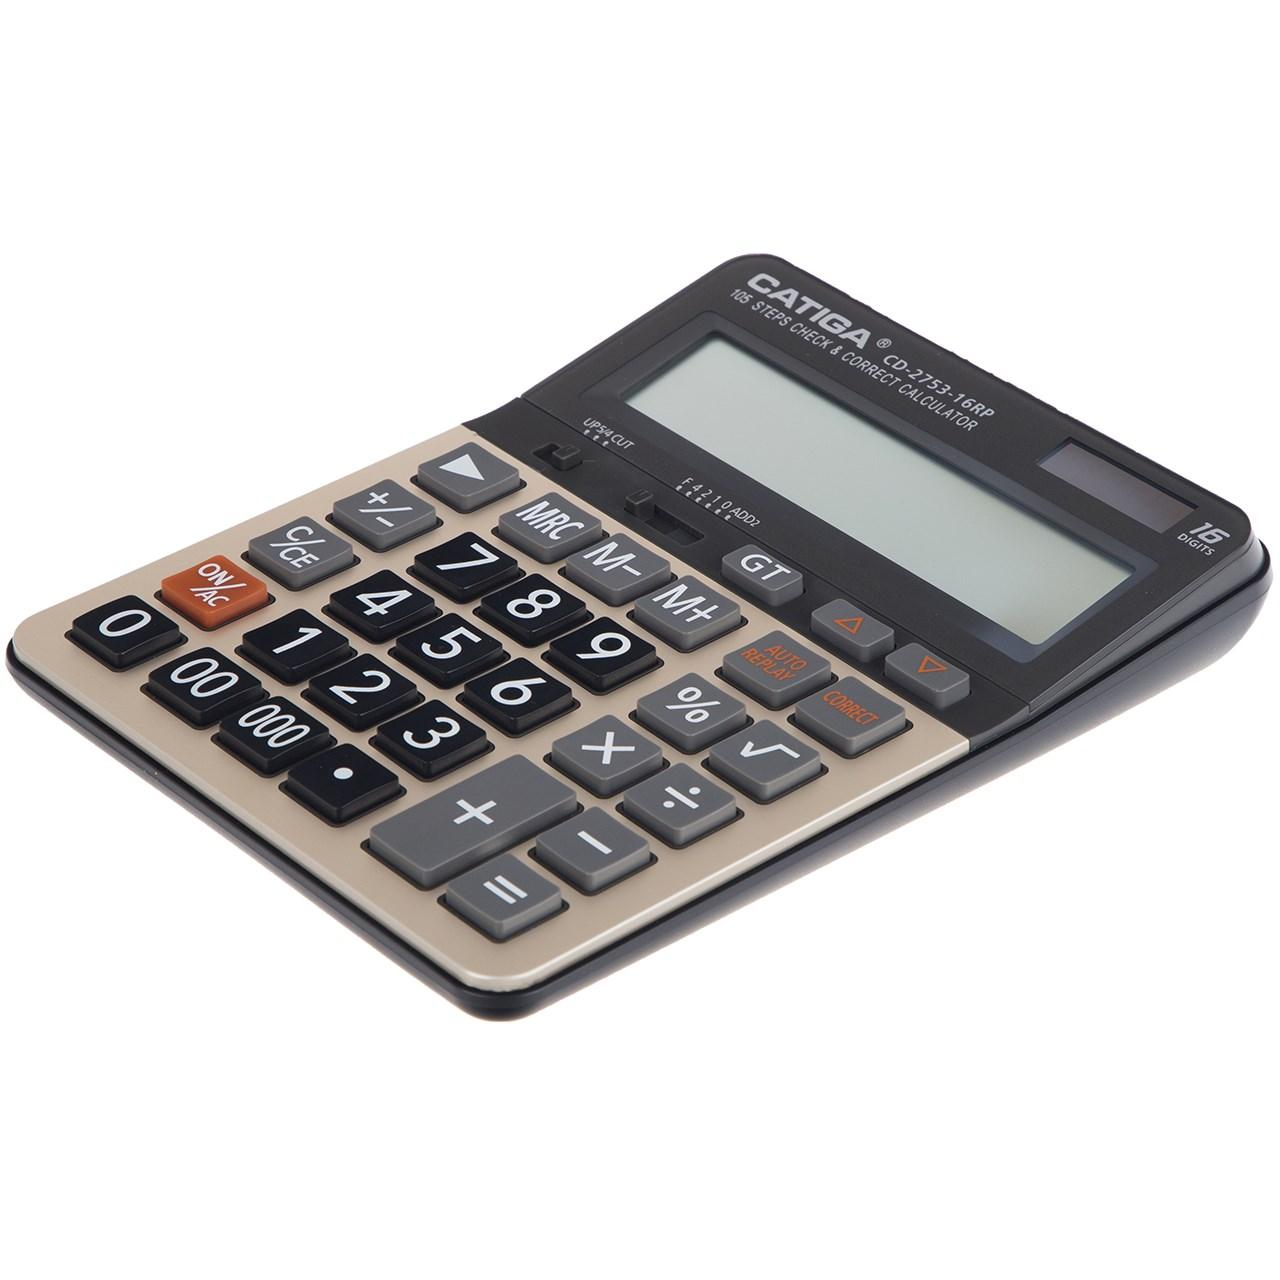 قیمت                      ماشین حساب کاتیگا مدل Catiga CD-2753-16RP
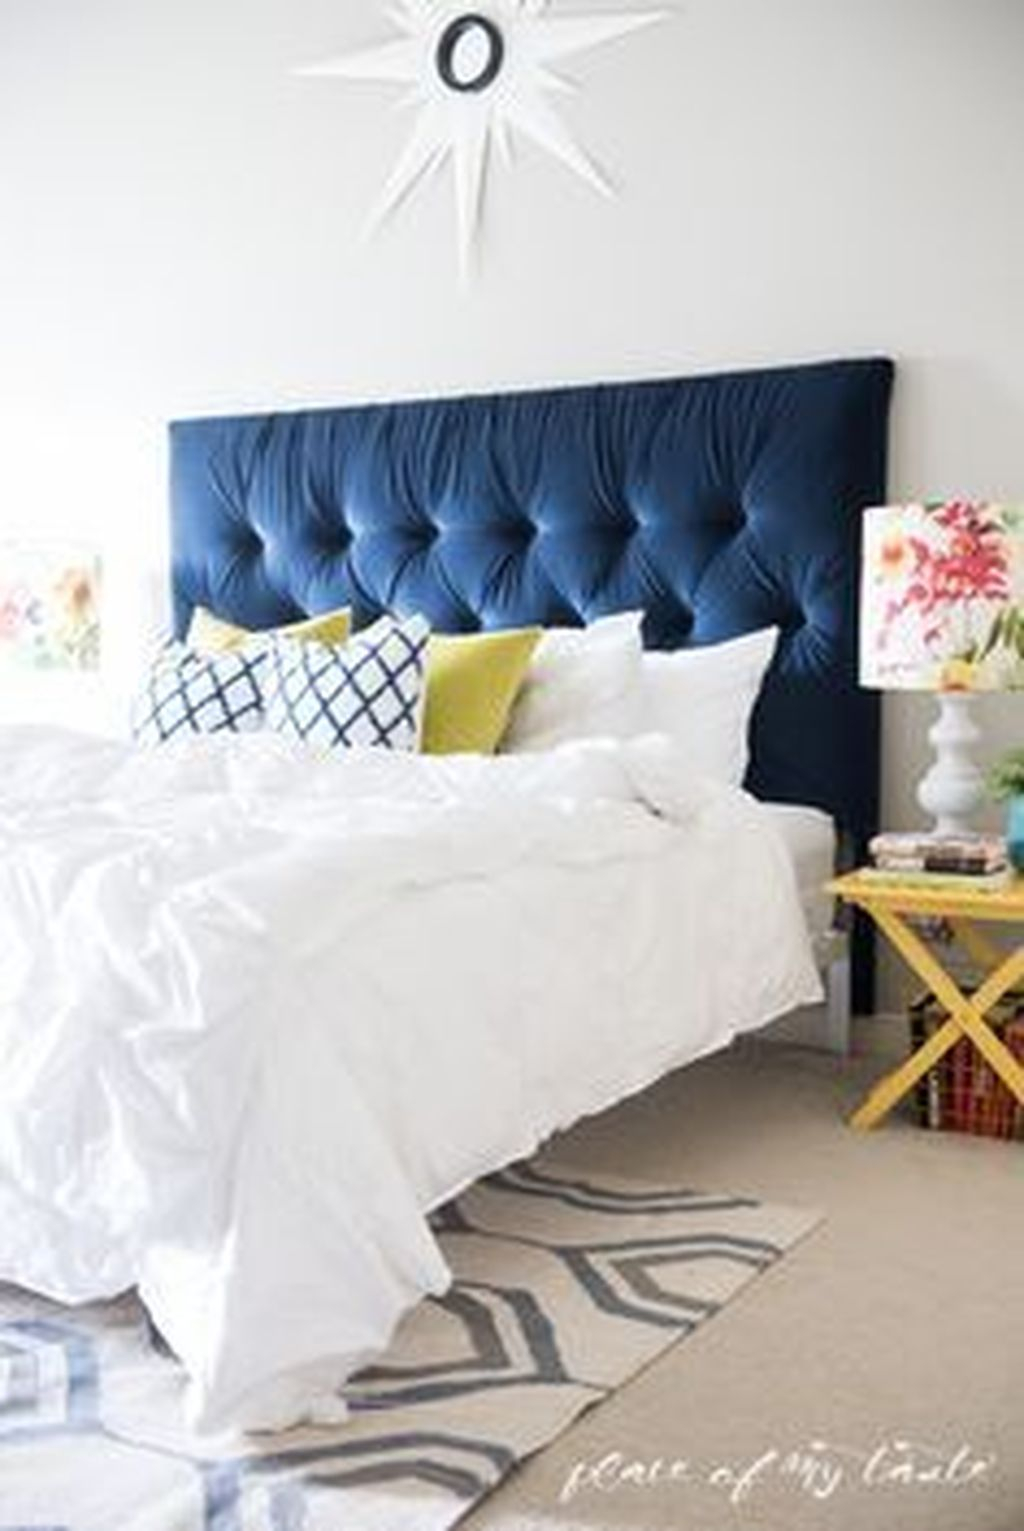 Stylish Diy Bedroom Headboard Design Ideas That Will Inspire You 35
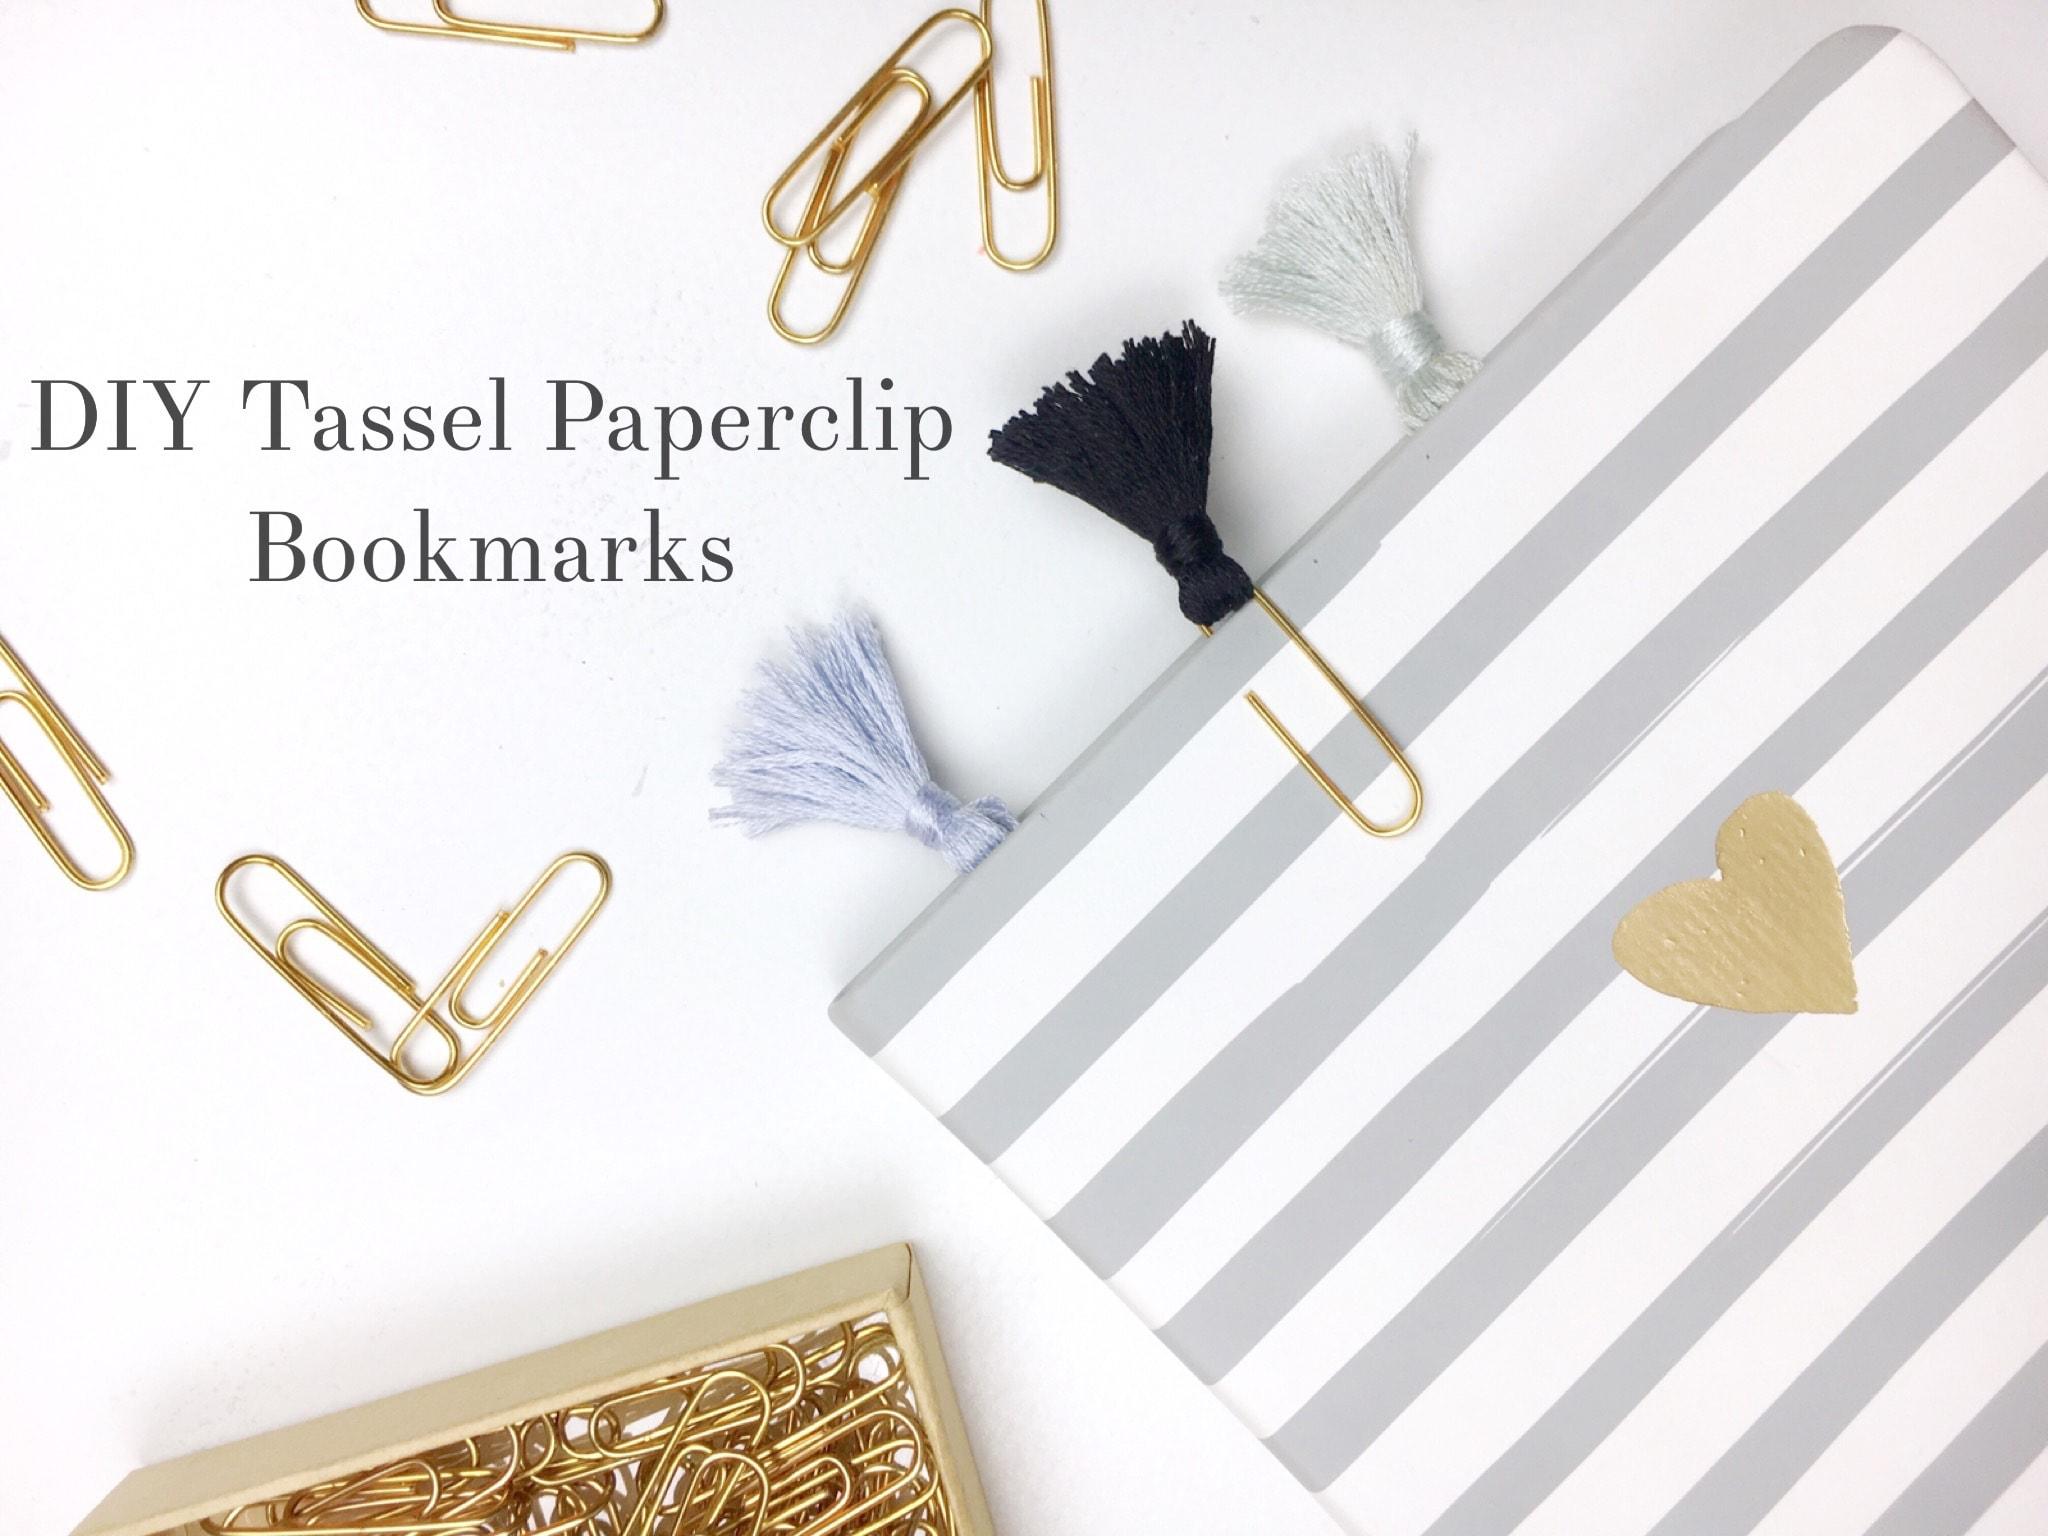 DIY Tassel Paperclip Bookmarks

···

What you will do: Transcribe the full listing exactly, but keep every image out of it.

The answer:
 قیمت                      ماشین حساب کاتیگا مدل Catiga CD-2753-16RP
 Stylish Diy Bedroom Headboard Design Ideas That Will Inspire You 35
 DIY Tassel Paperclip Bookmarks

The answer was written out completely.